-- Task input follows --

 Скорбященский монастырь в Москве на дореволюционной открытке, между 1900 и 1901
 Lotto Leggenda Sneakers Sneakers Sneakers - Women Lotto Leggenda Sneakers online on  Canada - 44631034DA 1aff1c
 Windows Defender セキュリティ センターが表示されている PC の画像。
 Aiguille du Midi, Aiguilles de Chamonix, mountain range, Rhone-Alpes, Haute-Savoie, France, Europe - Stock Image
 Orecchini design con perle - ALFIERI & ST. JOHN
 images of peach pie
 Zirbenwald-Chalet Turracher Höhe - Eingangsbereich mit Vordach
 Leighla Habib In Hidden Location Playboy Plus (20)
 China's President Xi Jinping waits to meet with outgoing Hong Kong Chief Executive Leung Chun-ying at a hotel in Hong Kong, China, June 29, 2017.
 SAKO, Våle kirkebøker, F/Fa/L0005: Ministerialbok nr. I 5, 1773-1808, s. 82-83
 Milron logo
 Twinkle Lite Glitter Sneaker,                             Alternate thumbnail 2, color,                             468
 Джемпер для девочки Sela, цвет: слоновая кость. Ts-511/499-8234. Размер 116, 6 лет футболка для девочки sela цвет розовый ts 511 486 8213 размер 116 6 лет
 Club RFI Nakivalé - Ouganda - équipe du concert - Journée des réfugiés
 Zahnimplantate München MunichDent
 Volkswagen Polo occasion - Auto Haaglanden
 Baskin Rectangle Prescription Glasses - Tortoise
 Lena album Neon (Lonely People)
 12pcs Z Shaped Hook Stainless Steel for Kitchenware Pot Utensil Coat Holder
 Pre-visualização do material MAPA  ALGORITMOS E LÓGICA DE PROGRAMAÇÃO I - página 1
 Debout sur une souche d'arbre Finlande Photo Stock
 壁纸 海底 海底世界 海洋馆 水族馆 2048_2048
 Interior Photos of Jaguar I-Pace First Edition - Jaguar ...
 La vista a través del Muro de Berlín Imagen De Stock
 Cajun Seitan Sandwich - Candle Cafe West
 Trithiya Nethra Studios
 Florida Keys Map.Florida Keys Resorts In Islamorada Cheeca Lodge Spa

-- Task input concluded --

### Instructions to follow
What must be transcribed is the run of lines from the one containing "12pcs Z Shaped" to the last line of the data above, inclusive, and only that.

### Written solution
 12pcs Z Shaped Hook Stainless Steel for Kitchenware Pot Utensil Coat Holder
 Pre-visualização do material MAPA  ALGORITMOS E LÓGICA DE PROGRAMAÇÃO I - página 1
 Debout sur une souche d'arbre Finlande Photo Stock
 壁纸 海底 海底世界 海洋馆 水族馆 2048_2048
 Interior Photos of Jaguar I-Pace First Edition - Jaguar ...
 La vista a través del Muro de Berlín Imagen De Stock
 Cajun Seitan Sandwich - Candle Cafe West
 Trithiya Nethra Studios
 Florida Keys Map.Florida Keys Resorts In Islamorada Cheeca Lodge Spa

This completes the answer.